* **Exercise directions**
Work out how many lines below contain "organic". Provide only the figure.

** Opening The records block **

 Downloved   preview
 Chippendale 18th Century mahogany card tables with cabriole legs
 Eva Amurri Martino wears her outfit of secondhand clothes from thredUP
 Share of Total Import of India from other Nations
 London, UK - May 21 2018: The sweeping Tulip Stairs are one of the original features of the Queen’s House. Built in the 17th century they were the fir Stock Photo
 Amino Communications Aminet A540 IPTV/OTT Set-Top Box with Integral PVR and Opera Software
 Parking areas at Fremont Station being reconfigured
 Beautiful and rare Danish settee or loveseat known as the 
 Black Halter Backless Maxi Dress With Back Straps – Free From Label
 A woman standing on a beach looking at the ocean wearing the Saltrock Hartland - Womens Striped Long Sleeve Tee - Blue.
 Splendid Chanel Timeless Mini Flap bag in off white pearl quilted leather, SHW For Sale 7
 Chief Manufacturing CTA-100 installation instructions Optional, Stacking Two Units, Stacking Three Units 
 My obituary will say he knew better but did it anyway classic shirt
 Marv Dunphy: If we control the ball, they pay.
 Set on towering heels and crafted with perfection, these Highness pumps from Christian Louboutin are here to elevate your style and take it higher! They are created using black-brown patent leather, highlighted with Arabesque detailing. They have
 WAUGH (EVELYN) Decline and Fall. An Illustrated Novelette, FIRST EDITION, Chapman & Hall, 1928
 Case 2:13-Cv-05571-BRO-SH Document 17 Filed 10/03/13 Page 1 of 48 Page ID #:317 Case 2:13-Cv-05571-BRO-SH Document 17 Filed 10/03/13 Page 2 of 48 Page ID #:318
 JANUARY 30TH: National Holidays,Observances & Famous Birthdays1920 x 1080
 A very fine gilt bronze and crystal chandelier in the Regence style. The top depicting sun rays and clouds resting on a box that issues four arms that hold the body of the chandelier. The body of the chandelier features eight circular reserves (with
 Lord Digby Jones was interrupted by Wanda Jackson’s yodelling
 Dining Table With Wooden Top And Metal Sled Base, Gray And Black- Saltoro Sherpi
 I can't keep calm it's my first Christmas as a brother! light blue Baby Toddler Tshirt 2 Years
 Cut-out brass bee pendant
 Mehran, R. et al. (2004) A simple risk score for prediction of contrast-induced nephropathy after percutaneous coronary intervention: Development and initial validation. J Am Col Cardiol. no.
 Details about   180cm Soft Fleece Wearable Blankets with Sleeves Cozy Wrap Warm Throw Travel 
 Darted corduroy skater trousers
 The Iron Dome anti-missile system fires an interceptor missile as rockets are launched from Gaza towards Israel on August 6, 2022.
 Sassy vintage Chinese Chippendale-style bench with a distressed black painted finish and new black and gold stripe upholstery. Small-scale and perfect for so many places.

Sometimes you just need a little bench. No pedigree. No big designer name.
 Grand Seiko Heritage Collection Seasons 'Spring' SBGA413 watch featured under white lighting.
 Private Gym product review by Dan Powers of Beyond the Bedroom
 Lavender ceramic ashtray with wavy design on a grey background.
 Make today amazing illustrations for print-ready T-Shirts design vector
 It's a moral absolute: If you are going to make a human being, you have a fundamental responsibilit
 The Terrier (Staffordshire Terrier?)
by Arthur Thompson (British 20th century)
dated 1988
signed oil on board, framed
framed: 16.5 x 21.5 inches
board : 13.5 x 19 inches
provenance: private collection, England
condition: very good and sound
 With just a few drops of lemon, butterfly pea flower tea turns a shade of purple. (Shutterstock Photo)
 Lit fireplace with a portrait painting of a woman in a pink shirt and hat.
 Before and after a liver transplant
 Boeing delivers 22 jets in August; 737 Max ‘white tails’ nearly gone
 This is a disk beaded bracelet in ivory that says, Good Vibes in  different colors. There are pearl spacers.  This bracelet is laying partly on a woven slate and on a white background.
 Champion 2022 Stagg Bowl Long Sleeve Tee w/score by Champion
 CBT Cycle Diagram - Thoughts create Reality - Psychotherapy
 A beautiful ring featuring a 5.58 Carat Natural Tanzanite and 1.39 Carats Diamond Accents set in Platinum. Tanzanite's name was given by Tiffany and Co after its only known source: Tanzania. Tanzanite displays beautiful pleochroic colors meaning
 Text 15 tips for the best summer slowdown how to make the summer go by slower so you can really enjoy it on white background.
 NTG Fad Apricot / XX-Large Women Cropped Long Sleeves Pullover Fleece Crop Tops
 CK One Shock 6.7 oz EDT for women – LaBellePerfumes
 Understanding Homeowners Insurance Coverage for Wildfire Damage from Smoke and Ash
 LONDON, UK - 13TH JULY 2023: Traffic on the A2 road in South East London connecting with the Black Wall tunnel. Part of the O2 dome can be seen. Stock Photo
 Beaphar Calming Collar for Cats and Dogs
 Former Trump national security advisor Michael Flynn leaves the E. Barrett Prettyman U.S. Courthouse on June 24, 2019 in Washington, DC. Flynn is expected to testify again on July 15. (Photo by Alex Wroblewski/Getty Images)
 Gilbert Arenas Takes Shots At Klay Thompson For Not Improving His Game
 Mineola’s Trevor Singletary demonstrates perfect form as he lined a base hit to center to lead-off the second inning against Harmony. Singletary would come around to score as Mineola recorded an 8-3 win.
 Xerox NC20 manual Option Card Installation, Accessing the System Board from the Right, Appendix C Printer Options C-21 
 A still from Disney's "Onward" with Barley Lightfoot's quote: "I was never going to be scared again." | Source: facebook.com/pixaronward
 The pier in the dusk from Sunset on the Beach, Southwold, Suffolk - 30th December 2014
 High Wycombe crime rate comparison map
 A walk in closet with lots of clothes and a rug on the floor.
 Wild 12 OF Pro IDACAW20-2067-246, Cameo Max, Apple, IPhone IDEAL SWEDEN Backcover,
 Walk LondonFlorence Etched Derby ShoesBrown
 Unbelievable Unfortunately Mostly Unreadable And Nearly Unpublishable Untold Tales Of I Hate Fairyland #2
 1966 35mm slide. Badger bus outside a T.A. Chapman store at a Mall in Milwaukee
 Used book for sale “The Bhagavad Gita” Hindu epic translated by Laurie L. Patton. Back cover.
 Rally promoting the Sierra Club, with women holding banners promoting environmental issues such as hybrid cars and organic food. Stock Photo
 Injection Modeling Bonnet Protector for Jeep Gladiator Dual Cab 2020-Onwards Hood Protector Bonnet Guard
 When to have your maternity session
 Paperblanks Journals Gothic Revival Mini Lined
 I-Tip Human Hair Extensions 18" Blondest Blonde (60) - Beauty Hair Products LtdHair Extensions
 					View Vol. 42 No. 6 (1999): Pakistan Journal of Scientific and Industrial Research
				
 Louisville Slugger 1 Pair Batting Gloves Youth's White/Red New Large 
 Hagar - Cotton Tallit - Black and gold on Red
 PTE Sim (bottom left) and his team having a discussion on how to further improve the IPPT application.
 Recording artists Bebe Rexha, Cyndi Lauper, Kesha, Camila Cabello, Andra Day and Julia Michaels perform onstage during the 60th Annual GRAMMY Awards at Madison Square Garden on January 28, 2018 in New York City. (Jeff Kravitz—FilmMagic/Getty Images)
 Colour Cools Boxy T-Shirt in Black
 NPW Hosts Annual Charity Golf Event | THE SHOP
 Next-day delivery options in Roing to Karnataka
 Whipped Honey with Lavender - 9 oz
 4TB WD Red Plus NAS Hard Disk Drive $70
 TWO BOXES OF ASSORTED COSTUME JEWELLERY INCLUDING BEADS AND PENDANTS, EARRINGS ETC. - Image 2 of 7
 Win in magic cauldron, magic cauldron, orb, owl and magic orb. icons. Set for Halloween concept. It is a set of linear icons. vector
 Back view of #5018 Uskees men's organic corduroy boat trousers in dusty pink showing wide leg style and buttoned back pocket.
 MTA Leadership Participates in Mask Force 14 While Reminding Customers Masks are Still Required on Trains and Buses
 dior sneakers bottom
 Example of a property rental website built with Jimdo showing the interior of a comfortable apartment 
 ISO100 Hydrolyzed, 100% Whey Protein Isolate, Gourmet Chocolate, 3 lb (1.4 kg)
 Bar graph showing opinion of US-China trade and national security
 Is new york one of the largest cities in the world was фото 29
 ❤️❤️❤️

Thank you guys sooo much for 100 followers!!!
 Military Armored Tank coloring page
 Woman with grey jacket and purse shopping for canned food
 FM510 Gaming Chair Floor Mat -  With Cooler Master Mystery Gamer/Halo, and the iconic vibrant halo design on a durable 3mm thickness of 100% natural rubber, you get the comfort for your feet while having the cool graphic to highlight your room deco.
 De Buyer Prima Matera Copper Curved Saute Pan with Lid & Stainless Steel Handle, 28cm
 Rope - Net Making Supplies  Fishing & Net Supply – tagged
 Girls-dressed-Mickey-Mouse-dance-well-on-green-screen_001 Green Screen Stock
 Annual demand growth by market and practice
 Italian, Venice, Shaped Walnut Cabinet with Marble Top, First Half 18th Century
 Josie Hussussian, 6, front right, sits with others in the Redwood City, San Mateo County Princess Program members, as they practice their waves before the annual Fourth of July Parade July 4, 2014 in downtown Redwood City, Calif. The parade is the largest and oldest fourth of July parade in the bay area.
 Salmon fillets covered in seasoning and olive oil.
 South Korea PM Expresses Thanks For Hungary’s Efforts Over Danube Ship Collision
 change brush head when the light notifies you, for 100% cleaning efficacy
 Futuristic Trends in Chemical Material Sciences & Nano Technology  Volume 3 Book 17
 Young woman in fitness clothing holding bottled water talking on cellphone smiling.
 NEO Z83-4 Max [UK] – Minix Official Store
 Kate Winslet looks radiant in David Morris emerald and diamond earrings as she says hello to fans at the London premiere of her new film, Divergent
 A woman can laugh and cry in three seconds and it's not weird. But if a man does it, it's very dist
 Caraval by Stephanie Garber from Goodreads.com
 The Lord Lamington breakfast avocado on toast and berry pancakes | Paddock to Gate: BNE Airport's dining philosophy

** Closing The records block **

* **Answer section**
2